NEOM akan dibangun di dekat kota kecil Eilat di Israel, di sepanjang perairan Laut Merah yang sensitif secara geopolitik dan Teluk Aqaba.

Negara-negara Teluk kian memburu teknologi Israel untuk mengawasi warganya sendiri dan untuk membeli rudal presisi tinggi yang tidak mau dijual oleh negara-negara Barat, tulis Yaghi dalam sebuah makalah penelitian pada April.

Arab Saudi telah berusaha menyembunyikan jangkauannya ke Israel dari mata publik, tetapi itu tidak mudah.

Pada Juni, sebuah akun Twitter terverifikasi yang terkait dengan kedutaan kerajaan itu di Washington mengatakan dewan menteri Saudi telah setuju merekrut perusahaan keamanan siber Israel, Check Point Software, di NEOM.

Kedutaan itu kemudian membantah klaim tersebut dan menjauhkan diri dari akun tersebut.

Marc Schneier, seorang rabi Amerika yang berhubungan dekat dengan Teluk, mengutip pernyataan wakil menteri pertahanan Arab Saudi Pangeran Khalid bin Salman yang pernah mengatakan kepadanya bahwa Israel adalah “bagian integral” untuk mencapai Visi 2030.

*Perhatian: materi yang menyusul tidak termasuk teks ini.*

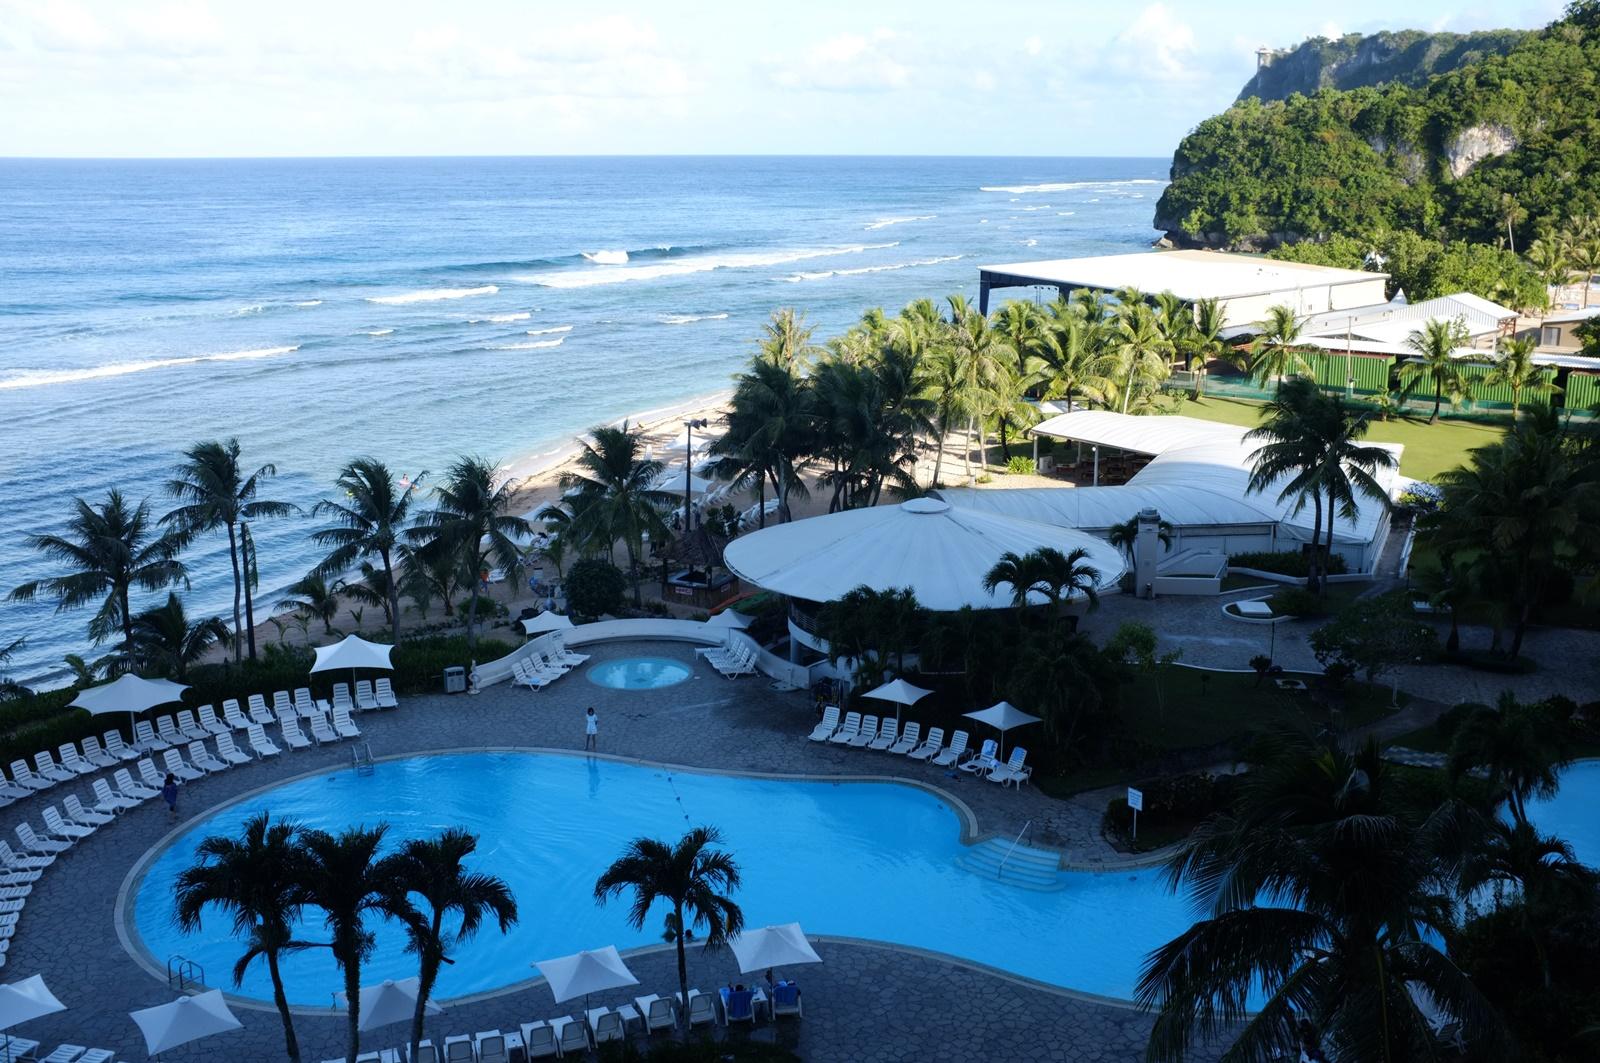 괌 여행 01 니꼬 호텔 & 관광지

Schneier membuat komentar itu kepada AFP pada Mei, dan otoritas Saudi tidak membantah bahwa pangeran telah menyampaikan pernyataan itu.

Terlepas dari bungkam resminya Saudi, media Saudi yang pro-pemerintah telah berulang kali menguji reaksi publik dengan menerbitkan laporan yang menganjurkan hubungan lebih dekat dengan Israel.

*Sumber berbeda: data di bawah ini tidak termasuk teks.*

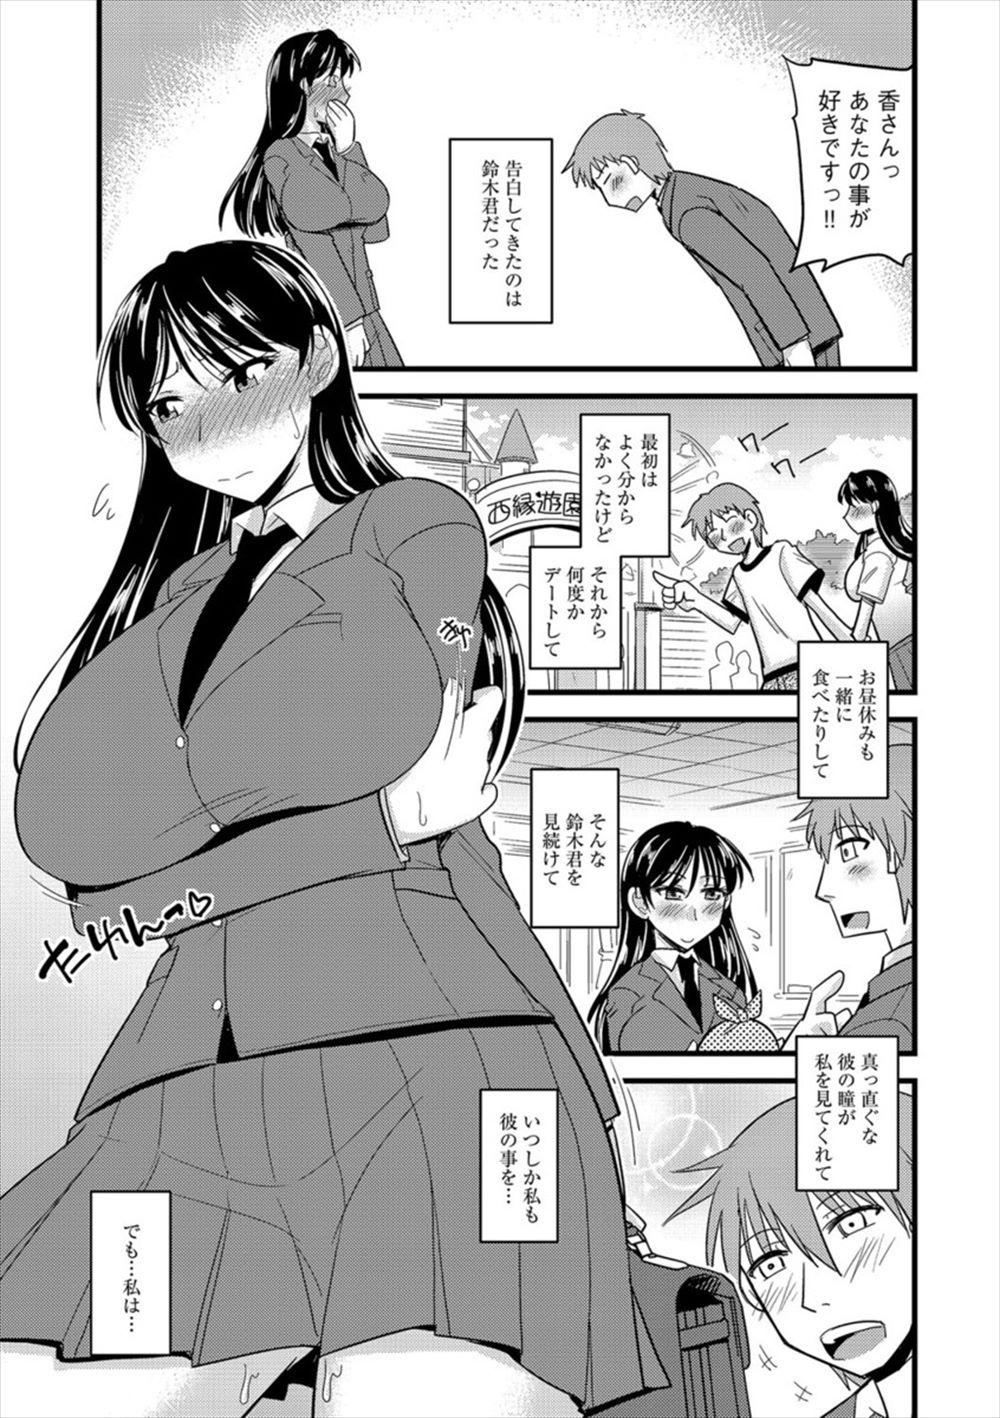 【エロ漫画】彼氏ができたのに弟に服の下緊縛状態でのデートを命令され逆らえないお姉ちゃんが今日も弟チンポで近親相姦セックスwww

“Saya memperkirakan masa depan yang memerlukan penciptaan ekosistem teknologi tinggi bersama di kalangan negara-negara (Dewan Kerjasama Teluk), yang dikenal sebagai ‘Silicon Wadi’,” tulis konsultan Israel Nave Shachar pekan lalu untuk situs berbahasa Inggris Al-Arabiya, stasiun televisi milik Saudi.

Shachar, yang menurut profil LinkedIn-nya pernah dipekerjakan oleh kementerian pertahanan Israel, merujuk sebuah kawasan yang disetarakan dengan Lembah Silikon.

“Sekarang, lebih dari sebelumnya, adalah kepentingan terbaik Israel dan GCC untuk meningkatkan kerja sama bisnis,” kata dia.